In response to the shooting of Jacob Blake by Kenosha police, the Bucks decided to boycott Game 5 in the NBA bubble in Orlando. Blake, a Black man, was shot seven times in the back by police on Sunday. He is reportedly paralyzed from the waist down and it’s unclear if he will recover. Protests and riots have broken out around the country in the wake of the shooting.
Three hours after making the decision, players emerged from the locker room with Sterling Brown and George Hill each reading a part of the following statement:
“The past four months have shed a light on the ongoing racial injustices facing our African American communities. Citizens around the country have used their voices and platforms to speak out against these wrongdoings.
“Over the last few days in our home state of Wisconsin, we’ve seen the horrendous video of Jacob Blake being shot in the back seven times by a police officer in Kenosha, and the additional shooting of protestors. Despite the overwhelming plea for change, there has been no action, so our focus today cannot be on basketball.
“When we take the court and represent Milwaukee and Wisconsin, we are expected to play at a high level, give maximum effort and hold each other accountable. We hold ourselves to that standard, and in this moment, we are demanding the same from our lawmakers and law enforcement.

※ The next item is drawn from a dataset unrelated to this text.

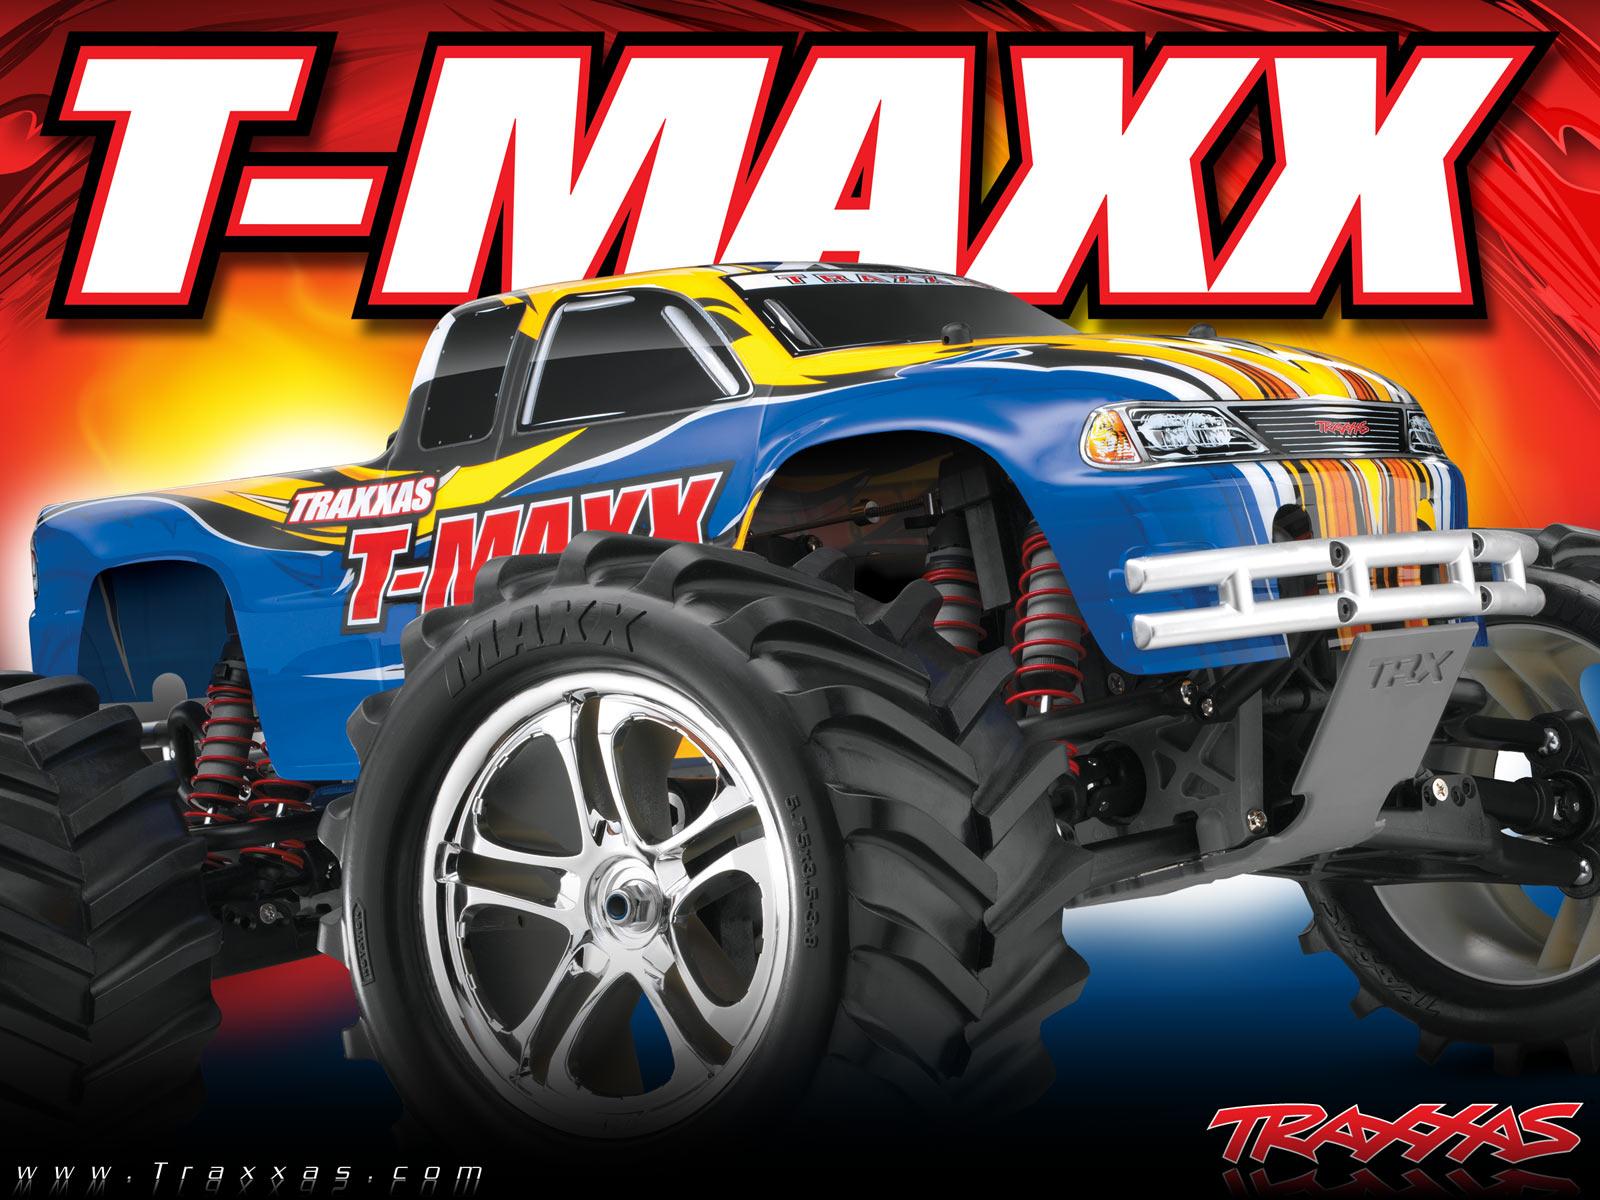 Monster Truck Rc Cars >> Traxxas Wallpaper - WallpaperSafari

“We are calling for justice for Jacob Blake and demand the officers be held accountable. For this to occur, it is imperative for the Wisconsin State Legislature to reconvene after months of inaction and take up meaningful measures to address issues of police accountability, brutality and criminal justice reform. We encourage all citizens to educate themselves, take peaceful and responsible action, and remember to vote on Nov. 3.”
Team owners Marc Lasry, Wes Edens and Jamie Dinan also released a statement on the decision Wednesday night.
“We fully support our players and the decision they made. Although we did not know beforehand, we would have wholeheartedly agreed with them. The only way to bring about change is to shine a light on the racial injustices that are happening in front of us. Our players have done that and we will continue to stand alongside them and demand accountability and change.”
The Milwaukee organization, including players like Hill and Khris Middleton, were among many in the NBA community to speak out on the shooting. Hill lamented even coming to the bubble as he felt it took away from the fight for social justice reform and ripping out the systematic racism many see in the country.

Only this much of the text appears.